Find minimum number of deletions to make a string palindrome


Reading time: 25 minutes | Coding time: 10 minutes

If we are given a string say S, we have to find out the minimum number of characters to be deleted to make the string a palindrome. A palindrome is a string which is the same if traverse from both from left to right and right to left.

This can be done in O(N2) time with the help of Dynamic Programming approach of Longest Palindromic Subsequence.

Some examples of palindrome are: madam, refer, Malayalam etc.

Example Strings

Input : ABBABBD
Output: 2

Beacause if the first A and last D are removed then the resulting string will be BBABB which is a palindrome.

Input : NITIN
Output: 0

Beacuse it's already a palindrome no need to delete any no.of charcters further.

Algorithm Explanation

There are mutiple ways to do this task but the optimzed way would be by finding the longest palindrome subsequence that can be formed from the give string and subtracting it from the the original will give us the no of characters to be deleted to make the string a palindrome.

The longest palindrome subsequence can be found using a Dynamic Programming approach in O(N2) time.
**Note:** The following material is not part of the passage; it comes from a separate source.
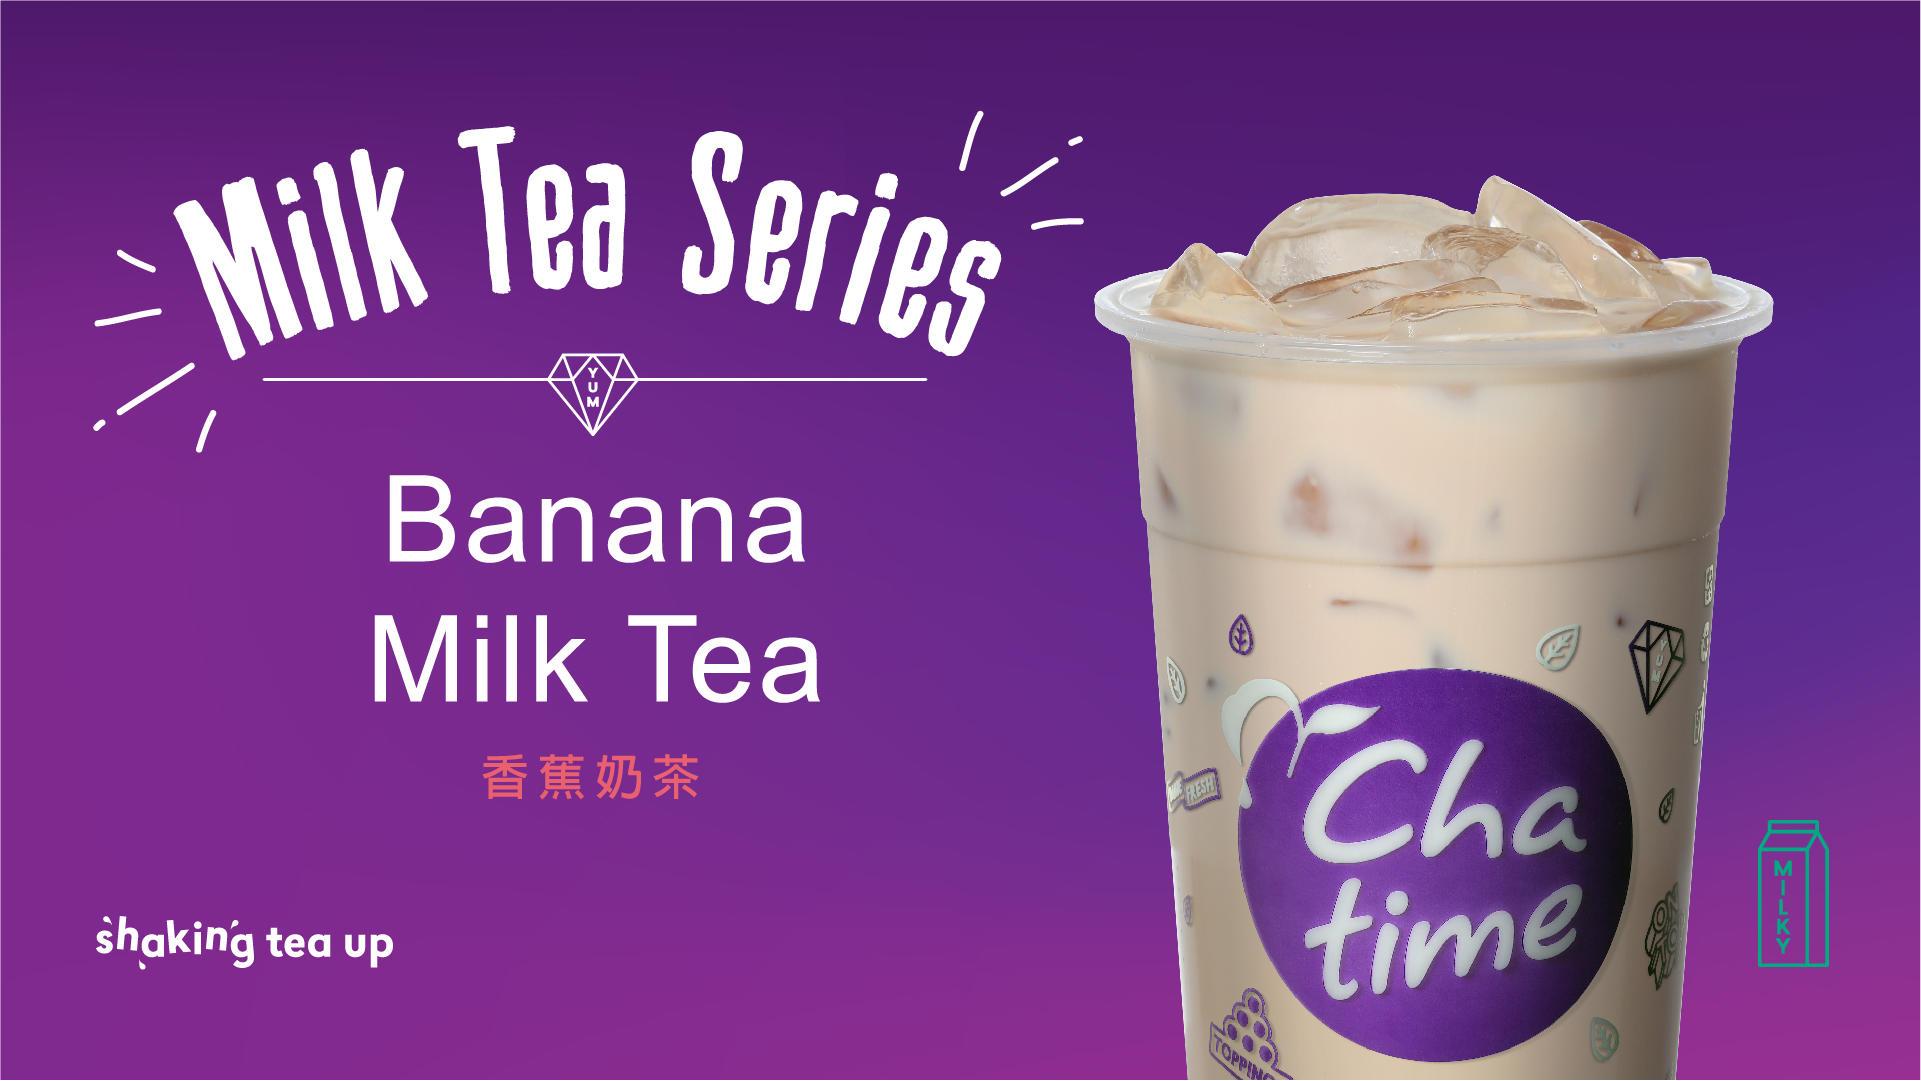 Chatime Bubble Tea & Slurping Noodles image 48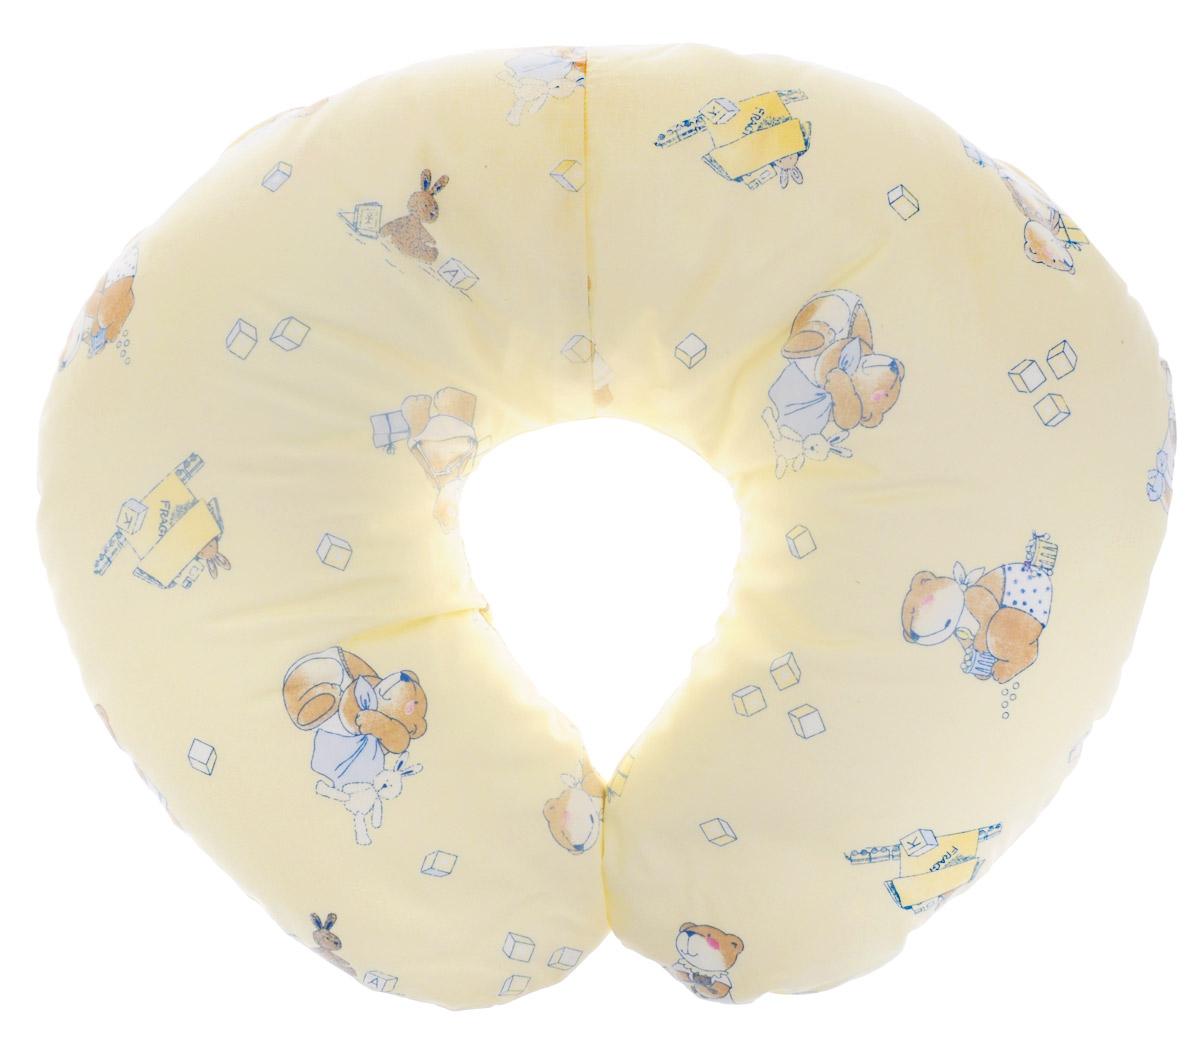 Plantex Подушка для кормящих и беременных мам Comfy Small Мишка и заяц цвет желтый531-105Подушка для кормящих и беременных мам Plantex Comfy Small. Мишка и Заяц идеальна для удобства ребенка и его родителей.Зачастую именно эта модель называется подушкой для беременных. Ведь она создана именно для будущих мам с учетом всех анатомических особенностей в этот период. На любом сроке беременности она бережно поддержит растущий животик и поможет сохранить комфортное и безопасное положение во время сна. Также подушка идеально подходит для кормления уже появившегося малыша. Позже многофункциональная подушка поможет ему сохранить равновесие при первых попытках сесть.Чехол подушки выполнен из 100 % хлопка и снабжен застежкой-молнией, что позволяет без труда снять и постирать его. Наполнителем подушки служат полистироловые шарики - экологичные, не деформируются сами и хорошо сохраняют форму подушки.Подушка для кормящих и беременных мам - это удобная и практичная вещь, которая прослужит вам долгое время.Подушка поставляется в практичной сумке-чехле.

You should go through this article at OpenGenus to understand the approach. This is fundamental.

  1. First, we read the string from the user.
  2. Second, we find the longest palindrome that can be formed for the string and iterate through all the substrings possible with the given string and chech if they form a palindrome or not and then find the maximum length possible with it.
  3. Strings of lenght one are already a plaindrome, and some given strings are as whole a plaindrome already in such cases the output will be zero.
  4. Third, subtract this longest possible palindrome's length from the original string length which is our required output.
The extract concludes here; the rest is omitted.